As I was growing up, I remember being told to push away from the table. All of my friends were dating, I was the one that didn't get asked. And when I did, it was a rear. My sister which was very thin, always had a date, good friends that never said " Oh so- n- so is going to ask me out. Or no dates again this weekend." I always felt like a 3 rd. wheel.
My own dad told me'"Sis do you realize how pretty you would be if you would lose the weight." No one could except me as I was. Because I was bigger I was offending them. I would stand in front of the mirror and just cry. The bad things is that for some reason they couldn't except me for me. Or here's Barb shes the bubbly one. Or fat girls look better with short hair. That long hair made by face look fatter.
I was married at the age of 18, at the time, as I looked back, size 14 wasn't a bad size. Not that big, While pregnant with my son, I lost more weight, then through a divorce, back came the weight. For 3 yrs. I can't say that I found anything or one that enterested me. But food did. Back up to 265.lbs.

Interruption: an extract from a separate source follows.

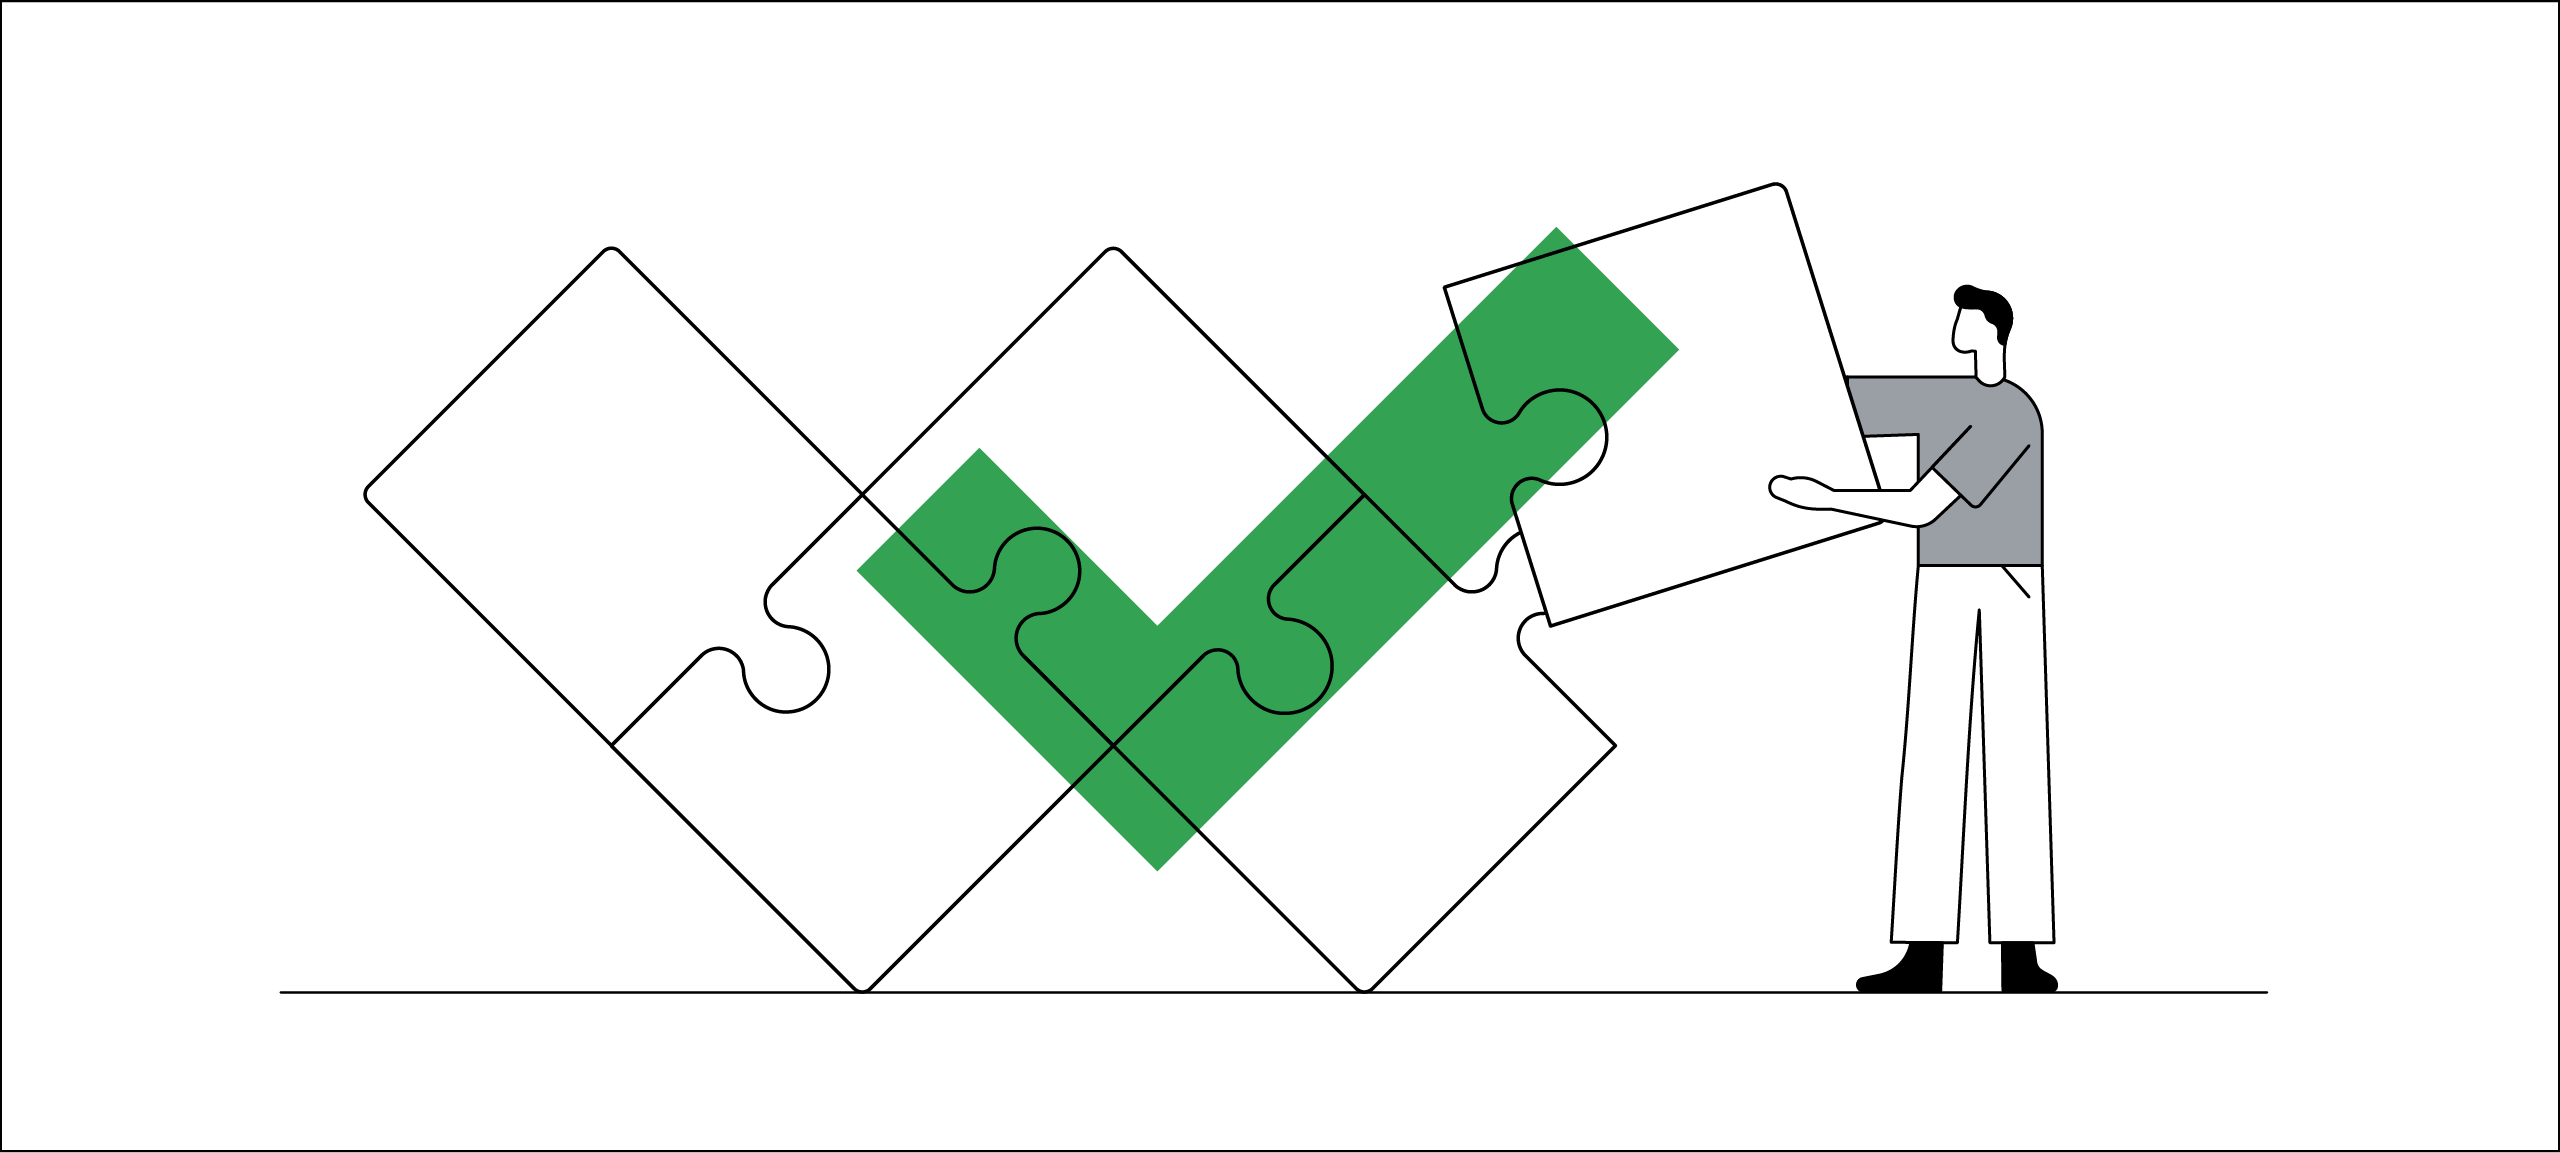 Dibujo lineal que ilustra la resolución de problemas. Un hombre de pelo negro añade la última pieza a un puzle de tamaño real en forma de W. Encima aparece una marca de verificación de color verde para indicar que se ha completado.

Then in 1981 I met my husband, he didn't look at me for the weight, he never tried to make me something different. A yr. later gave birth to our daughter, after her birth I lost down to 174 with the help of the Doctor. But after 7 mos. put 30 lbs. back on.
I stayed at 206-210 for several yrs. I even had a manager of a telecommunications co. hire me as a admin assistant. But he let me know that he hired me because I was big enough that I wouldn't make his wife jealous. And never let me forget it.

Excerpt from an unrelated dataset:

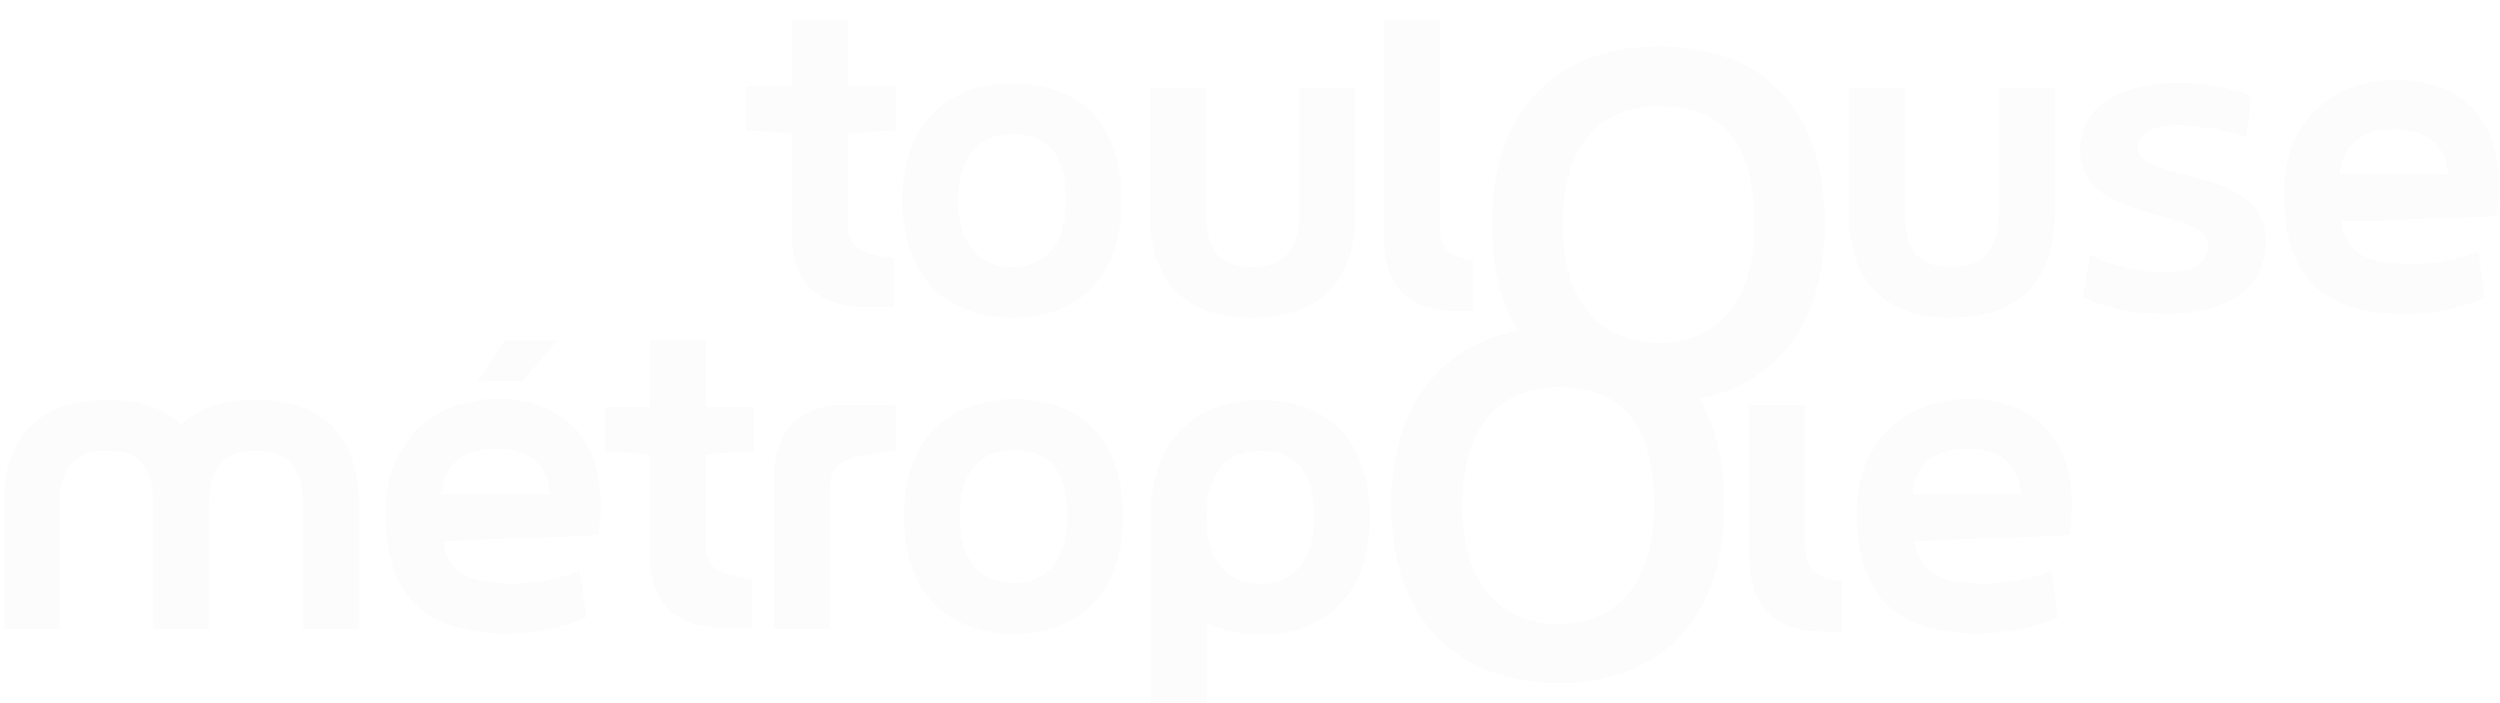 4-logo_toulouse-metropole(blanc-2000).png

I stayed at the 210 for so long I honestly thought maybe that was the weight I would be the rest of my life. But there was something different in my lifes plan. On Dec. 2003 I went into surgery for my Ackilles Tendeon that I had ruptured. When I came out a walker was handed to me. I was still loopie from the surgery, as I put the walker down so did I put my foot down that was in a splint. re-rupturing the tendeon. Back into surgery for the second time that day.
During the next yr. I was in a wheel-chair for 4 mos. In 7 different cast. and had to learn to walk again. During that time my weight had risen to 310 lbs. and then to 326 and that is where it has stayed.

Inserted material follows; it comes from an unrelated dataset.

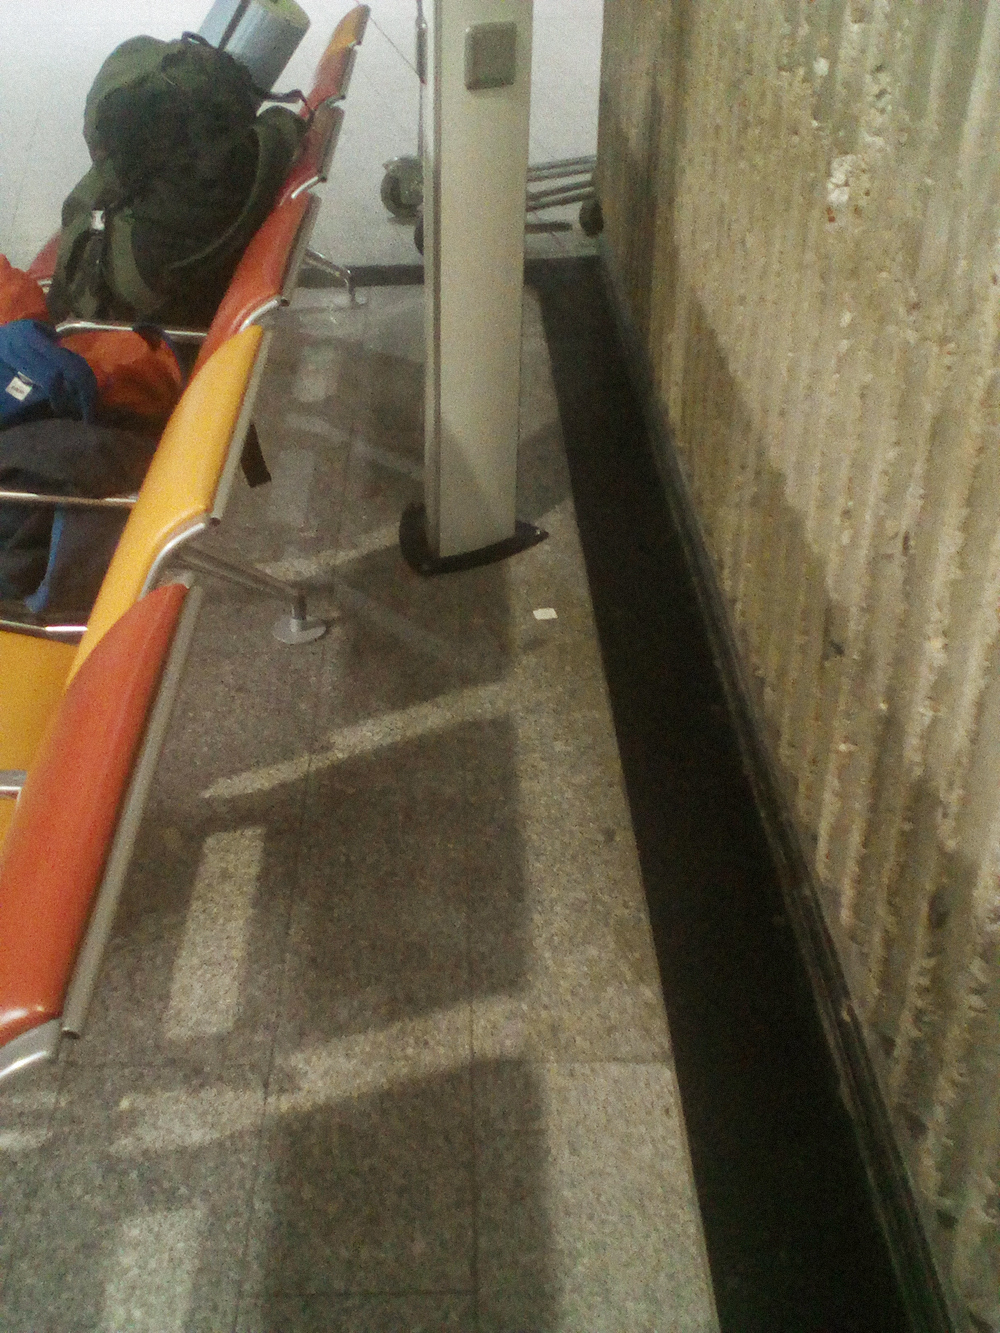 В аэропорту я спал на туристическом коврике в этом уголке. Намного удобнее, чем на сиденьях, и есть розетка под боком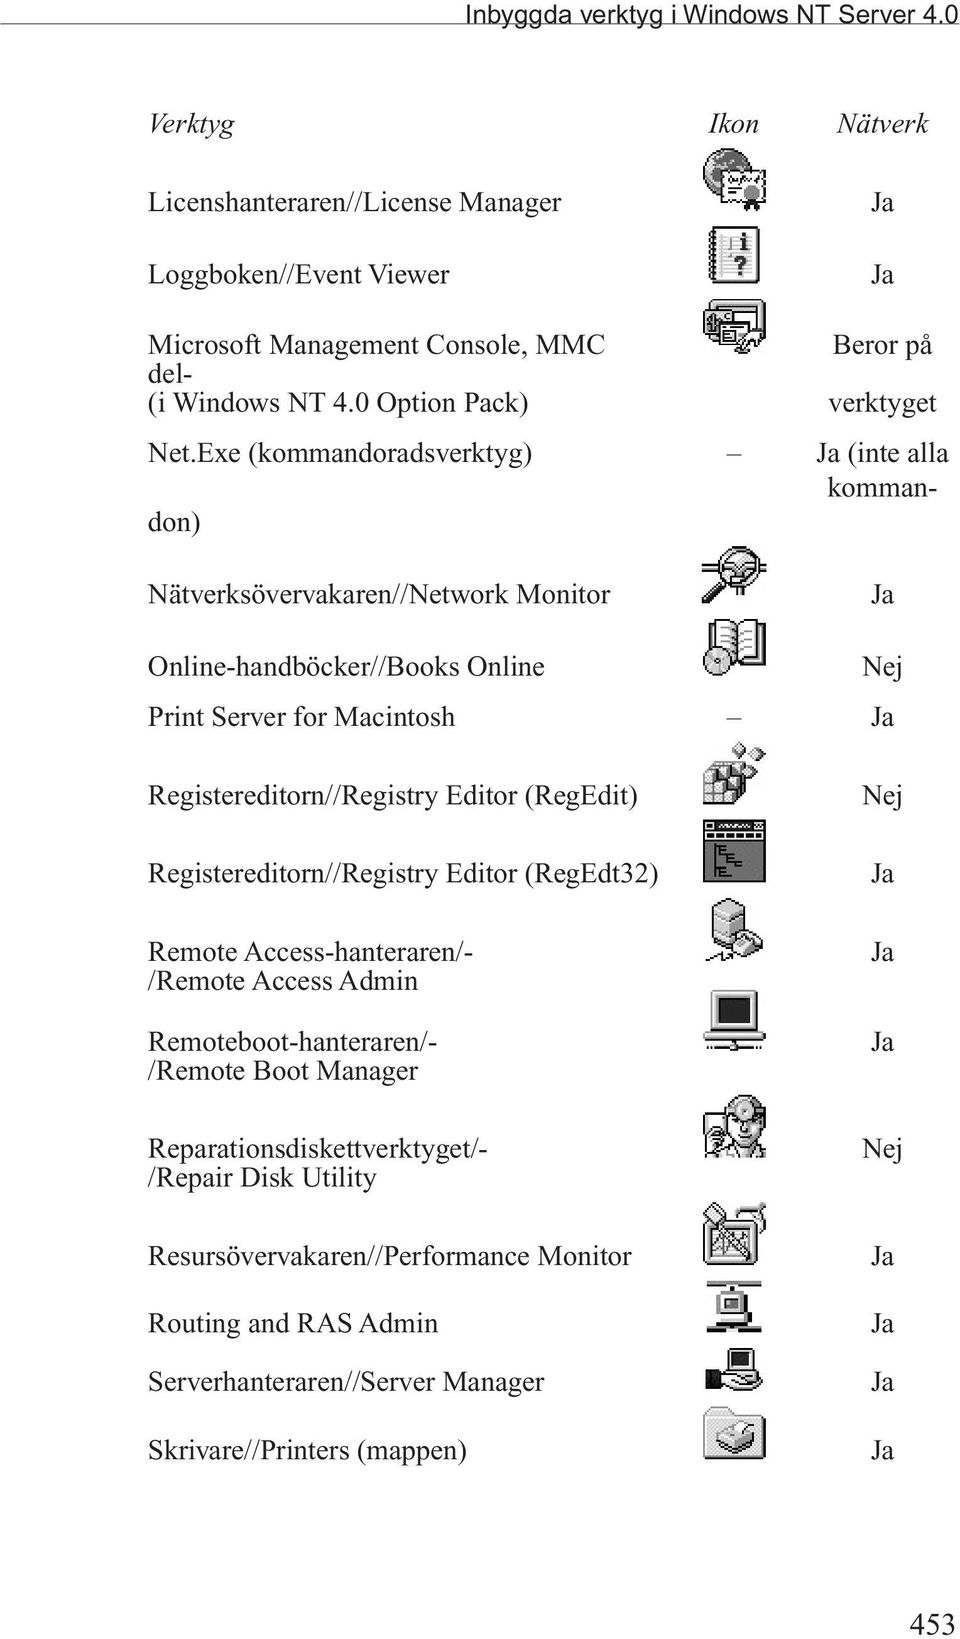 Exe (kommandoradsverktyg) Ja (inte alla kommandon) Nätverksövervakaren//Network Monitor Ja Online-handböcker//Books Online Nej Print Server for Macintosh Ja Registereditorn//Registry Editor

Now I not only have the tendeon complication, but a list of co-mobidities. as long as the arm. I know this second chance has been along time coming. But lord knows I can't wait to see the thin me inside this lg. unhealthy body. Even if it don't take everything away, hey just half will do.
I am scheduled for my Seminar on 9-7-07. This will be the second one for me. Because of the insurance, and Doctor change. I know there is a reason for everything, and god has a plan. I know there are better things for me. I just want to thank the folks that have gotten me this far.